Research opportunity targeted for freshmen and sophomores through the SEA-PHAGES program. The goal of the research is to discover new bacteriophages (viruses that infect bacteria) to help combat antibiotic resistance. Phage therapy is a promising alternative to conventional antibiotics. Phages have also been widely used in the food industry to prevent microbial growth on certain foods and are currently being explored as a method for bioremediation of oil spills and wastewater treatment.

Last year, my research team discovered two new bacteriophages: Genamy16 and NovaSharks that were able to infect the bacteria Gordonia rubripertincta. These phages can possibly be used for bioremediation and have been included in the SEA-PHAGES database, the National Library of Medicine (NIH), and have been approved for manuscript publication.

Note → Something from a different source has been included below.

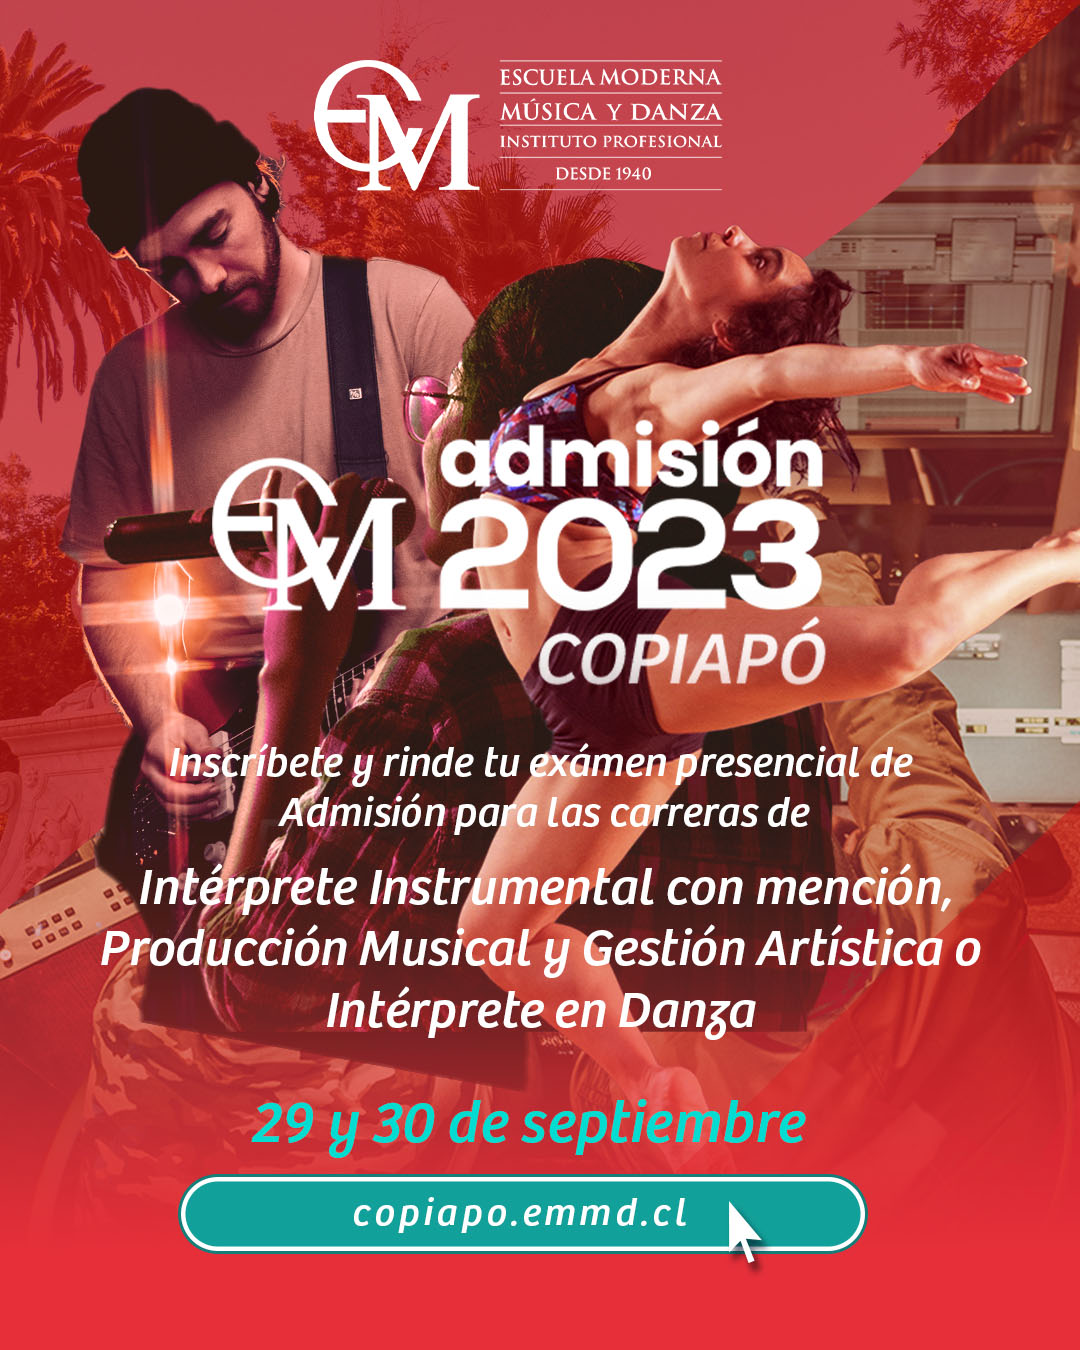 Escuela Moderna de Música y Danza realizará pruebas de admisión en Copiapó

This research spans two semesters and can be found in the course catalog as BIOL 1000 (the first part of the course, offered in the Fall semester) and BIOL 1001 (the second part of the course, offered in the Winter semester).

The research experience provided by these courses is extremely valuable. Students gain real, translatable microbiology, molecular biology, genomics, and bioinformatics skills. As hinted at earlier, there is also the opportunity for students to become published co-authors as well as present at research conferences and symposiums.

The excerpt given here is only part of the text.